_TASK OBJECTIVE:_
Once you have read the entries, please say how many lines hold the string "entdecken", giving the number only.
(DATA FOR THIS TASK)
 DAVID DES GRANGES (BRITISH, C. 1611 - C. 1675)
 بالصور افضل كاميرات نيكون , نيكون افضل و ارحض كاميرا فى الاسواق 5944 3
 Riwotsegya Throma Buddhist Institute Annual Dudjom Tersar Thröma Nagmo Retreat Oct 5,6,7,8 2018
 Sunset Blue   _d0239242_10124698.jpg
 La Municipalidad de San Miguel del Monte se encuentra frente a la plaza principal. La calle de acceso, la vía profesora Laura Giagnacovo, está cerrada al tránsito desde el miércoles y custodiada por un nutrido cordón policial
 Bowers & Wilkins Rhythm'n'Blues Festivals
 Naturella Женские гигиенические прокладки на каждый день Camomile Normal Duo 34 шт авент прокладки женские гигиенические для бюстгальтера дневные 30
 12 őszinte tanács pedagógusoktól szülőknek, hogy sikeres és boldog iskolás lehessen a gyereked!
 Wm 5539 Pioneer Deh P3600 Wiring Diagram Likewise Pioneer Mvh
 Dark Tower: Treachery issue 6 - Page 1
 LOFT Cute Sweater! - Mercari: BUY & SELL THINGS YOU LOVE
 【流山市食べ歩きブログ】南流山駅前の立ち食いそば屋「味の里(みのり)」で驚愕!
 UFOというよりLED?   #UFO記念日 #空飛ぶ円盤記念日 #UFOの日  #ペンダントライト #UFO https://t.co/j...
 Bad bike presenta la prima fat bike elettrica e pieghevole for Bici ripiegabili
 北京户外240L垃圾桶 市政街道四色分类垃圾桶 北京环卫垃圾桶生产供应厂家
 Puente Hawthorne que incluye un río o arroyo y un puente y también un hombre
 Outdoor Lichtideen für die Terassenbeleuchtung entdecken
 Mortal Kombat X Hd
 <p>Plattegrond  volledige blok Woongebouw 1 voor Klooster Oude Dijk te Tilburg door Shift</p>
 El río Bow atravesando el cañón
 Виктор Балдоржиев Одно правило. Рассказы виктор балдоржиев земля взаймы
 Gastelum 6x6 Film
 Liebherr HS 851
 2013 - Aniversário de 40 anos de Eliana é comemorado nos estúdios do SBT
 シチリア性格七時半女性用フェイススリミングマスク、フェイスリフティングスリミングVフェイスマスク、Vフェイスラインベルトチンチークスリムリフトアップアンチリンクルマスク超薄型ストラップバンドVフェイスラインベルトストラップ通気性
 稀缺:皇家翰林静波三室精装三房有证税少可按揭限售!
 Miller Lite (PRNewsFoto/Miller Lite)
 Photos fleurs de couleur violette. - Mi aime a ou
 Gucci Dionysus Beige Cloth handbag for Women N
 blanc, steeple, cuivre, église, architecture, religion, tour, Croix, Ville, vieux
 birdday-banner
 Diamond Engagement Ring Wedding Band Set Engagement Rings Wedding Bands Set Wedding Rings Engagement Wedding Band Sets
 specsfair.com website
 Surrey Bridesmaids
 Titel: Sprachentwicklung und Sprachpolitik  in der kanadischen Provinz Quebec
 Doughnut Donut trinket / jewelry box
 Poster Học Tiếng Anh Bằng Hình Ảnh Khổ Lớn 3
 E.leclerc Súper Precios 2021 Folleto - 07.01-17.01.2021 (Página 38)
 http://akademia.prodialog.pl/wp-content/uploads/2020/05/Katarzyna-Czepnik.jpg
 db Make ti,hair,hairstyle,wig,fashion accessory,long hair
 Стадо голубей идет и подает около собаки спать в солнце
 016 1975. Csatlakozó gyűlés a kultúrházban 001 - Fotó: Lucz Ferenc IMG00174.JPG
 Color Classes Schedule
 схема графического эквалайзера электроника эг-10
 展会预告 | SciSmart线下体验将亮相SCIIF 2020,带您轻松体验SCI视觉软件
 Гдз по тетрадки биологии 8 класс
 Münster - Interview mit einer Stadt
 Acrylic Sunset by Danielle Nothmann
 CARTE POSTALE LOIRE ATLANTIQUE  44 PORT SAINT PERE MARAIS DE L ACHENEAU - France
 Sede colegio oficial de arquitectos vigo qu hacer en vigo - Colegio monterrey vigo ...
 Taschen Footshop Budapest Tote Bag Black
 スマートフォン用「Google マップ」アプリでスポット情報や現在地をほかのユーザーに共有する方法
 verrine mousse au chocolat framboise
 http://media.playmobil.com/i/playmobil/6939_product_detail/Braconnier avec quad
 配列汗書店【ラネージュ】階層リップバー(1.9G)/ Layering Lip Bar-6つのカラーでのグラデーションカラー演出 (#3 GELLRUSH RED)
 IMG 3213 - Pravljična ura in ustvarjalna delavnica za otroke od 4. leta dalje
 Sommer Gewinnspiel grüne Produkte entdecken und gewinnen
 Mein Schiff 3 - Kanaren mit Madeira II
(End DATA FOR THIS TASK)
_EXERCISE RESPONSE:_
2